--- Raw data ---
__________________________________________________
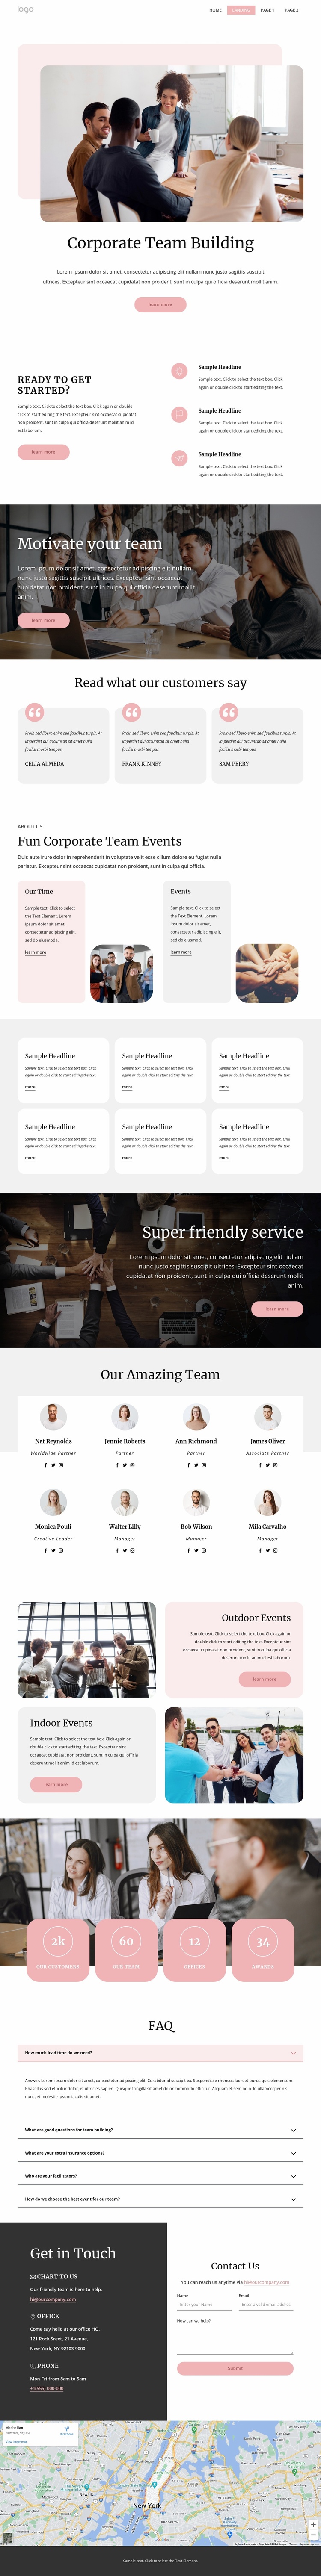 Corporate team building Landing Page
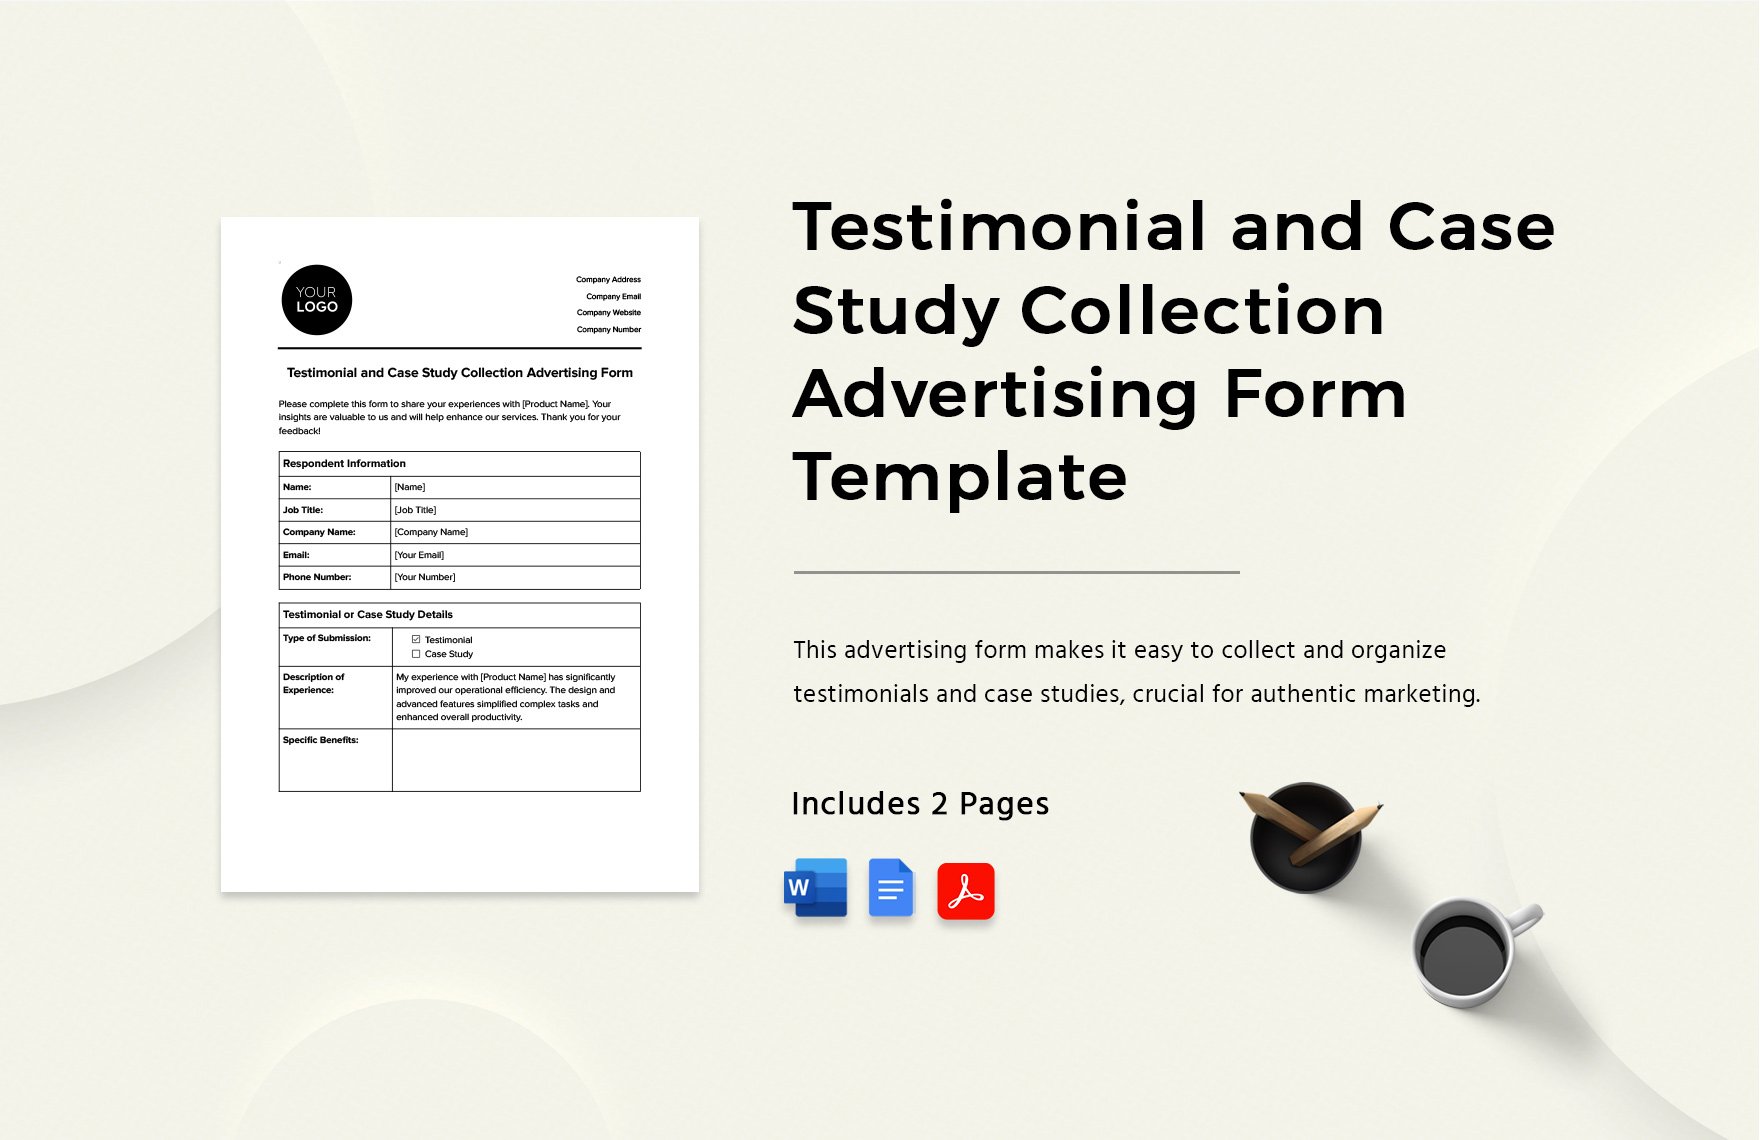 Testimonial and Case Study Collection Advertising Form Template in Word, Google Docs, PDF
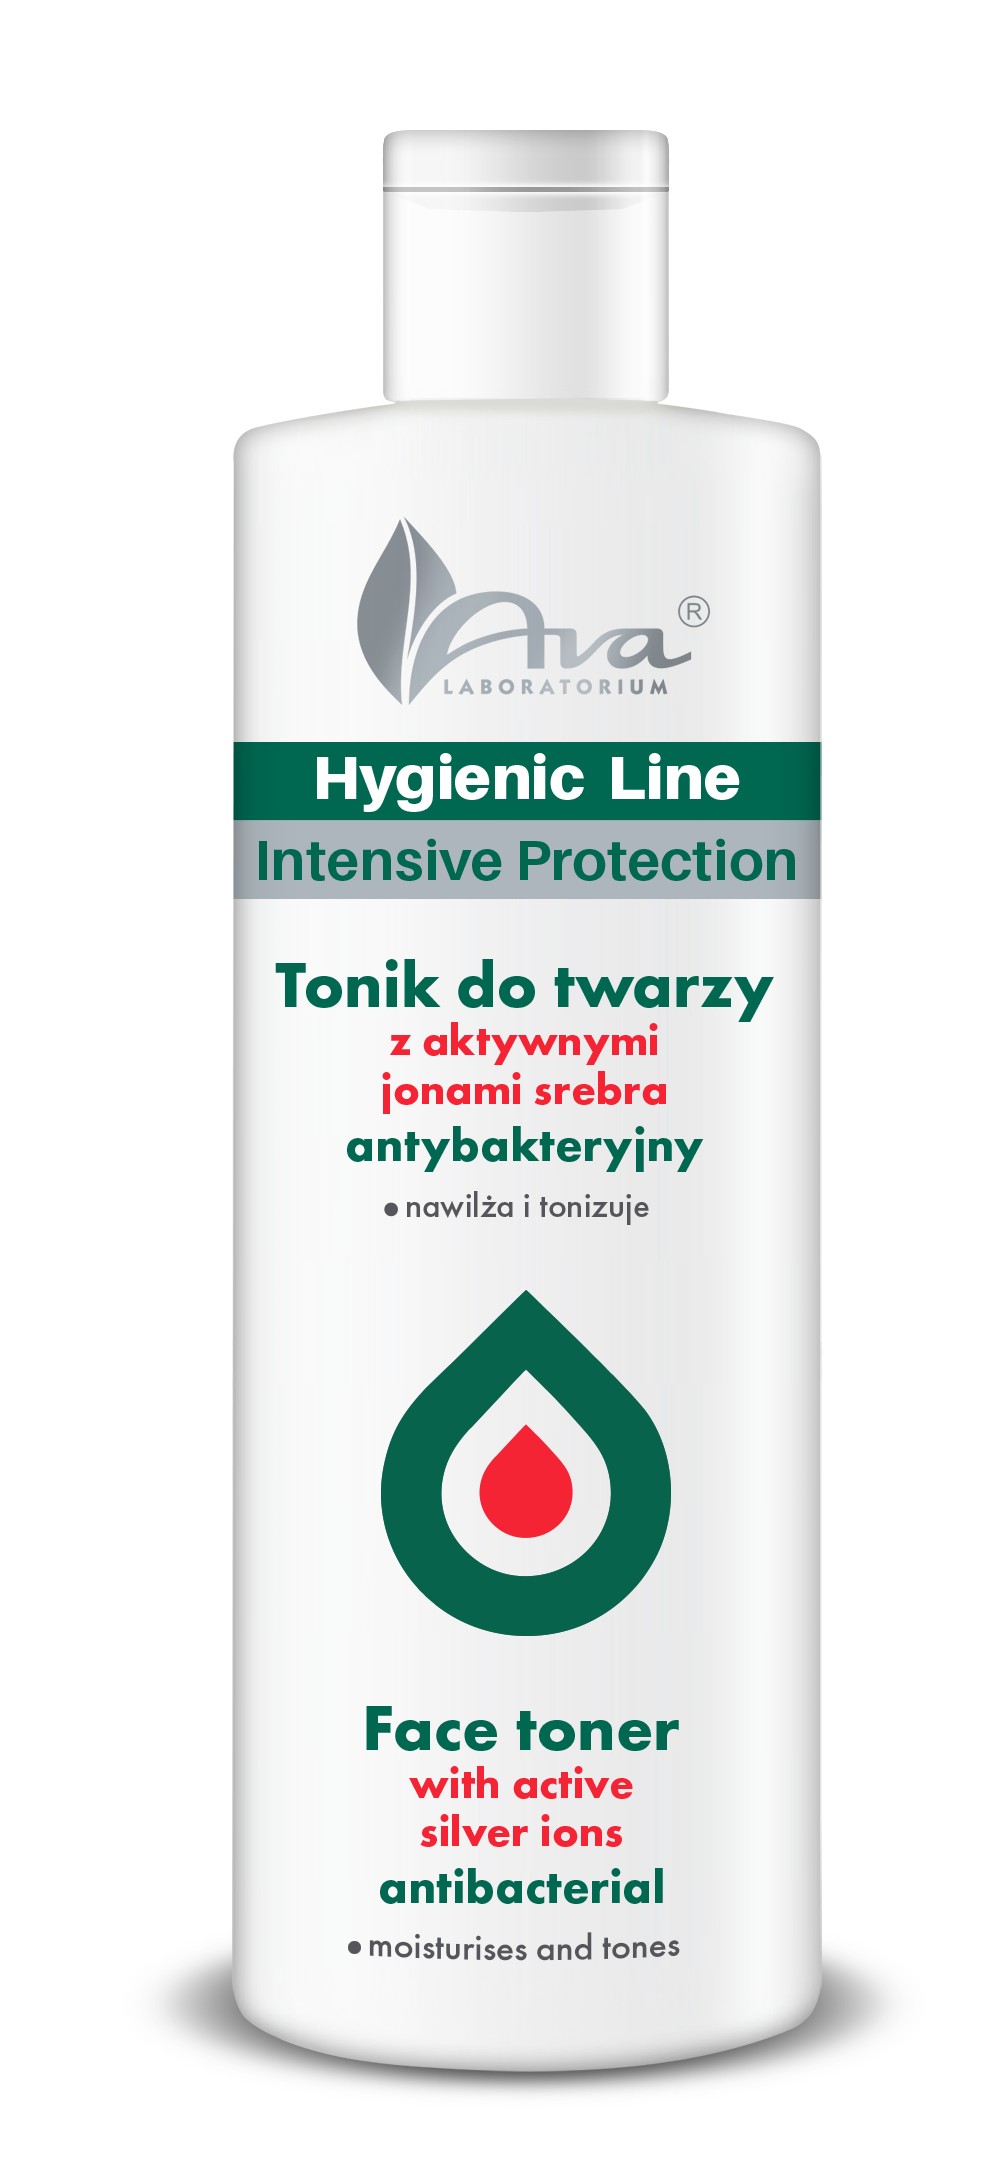 Hygenic Line – Antibacterial face toner with active silver ions
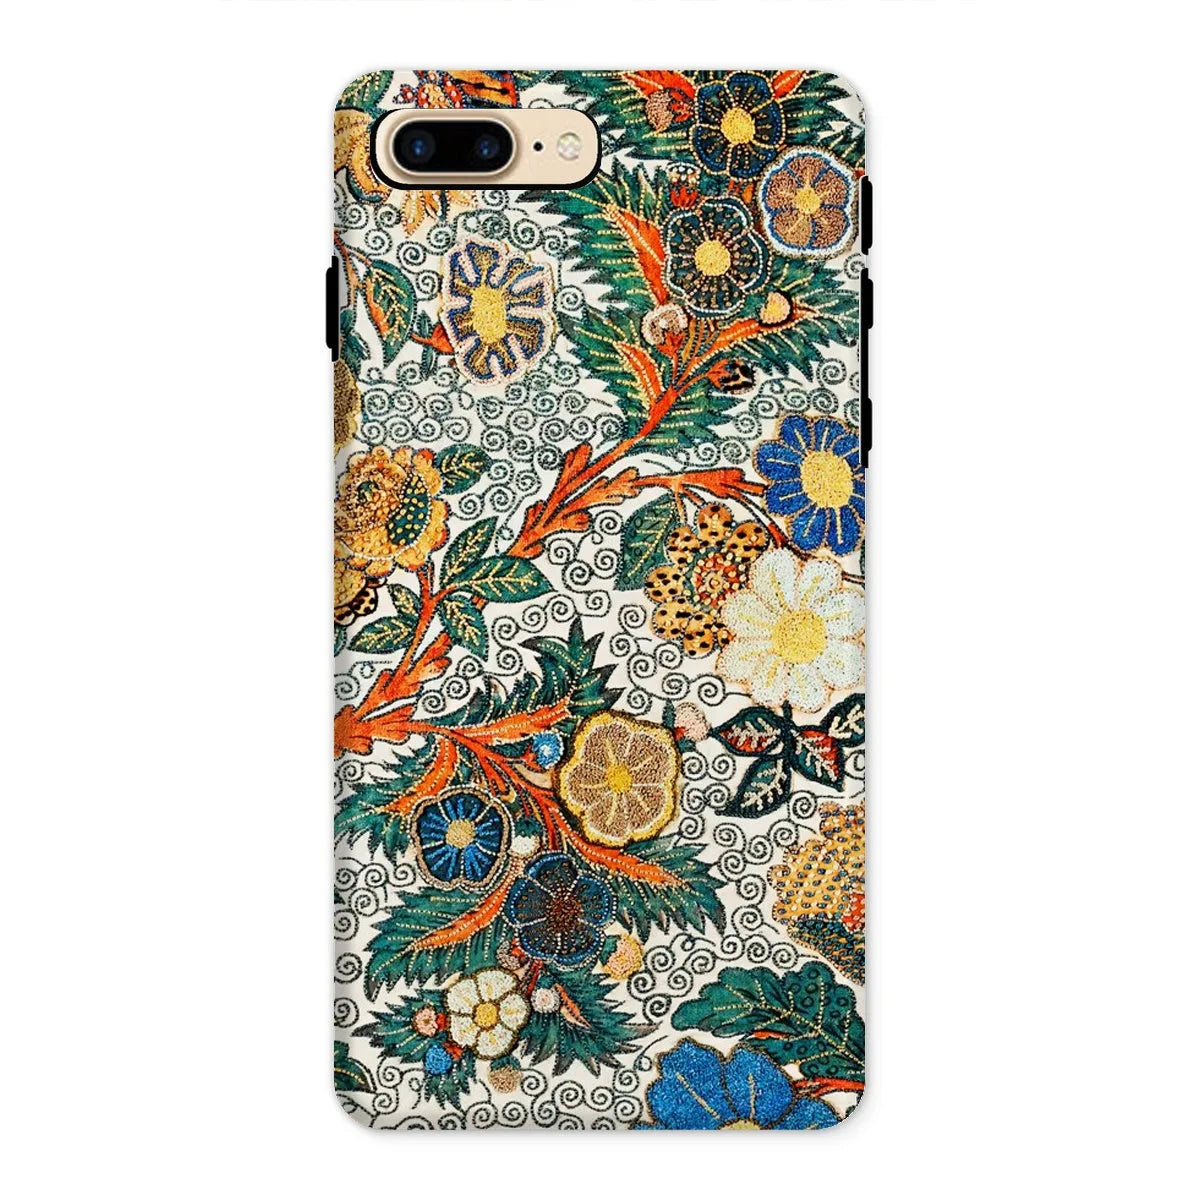 Blossomewhere Japanese Tapestry Art Phone Case - Iphone 8 Plus / Matte - Mobile Phone Cases - Aesthetic Art
__________________________________________________
--- Task prompt ---
Exclude the pictures and give back the rest of the data above exactly as written.

--- Output below ---
 Corporate team building Landing Page
 Testimonial and Case Study Collection Advertising Form Template in Word, Google Docs, PDF
 Hygenic Line – Antibacterial face toner with active silver ions
 Blossomewhere Japanese Tapestry Art Phone Case - Iphone 8 Plus / Matte - Mobile Phone Cases - Aesthetic Art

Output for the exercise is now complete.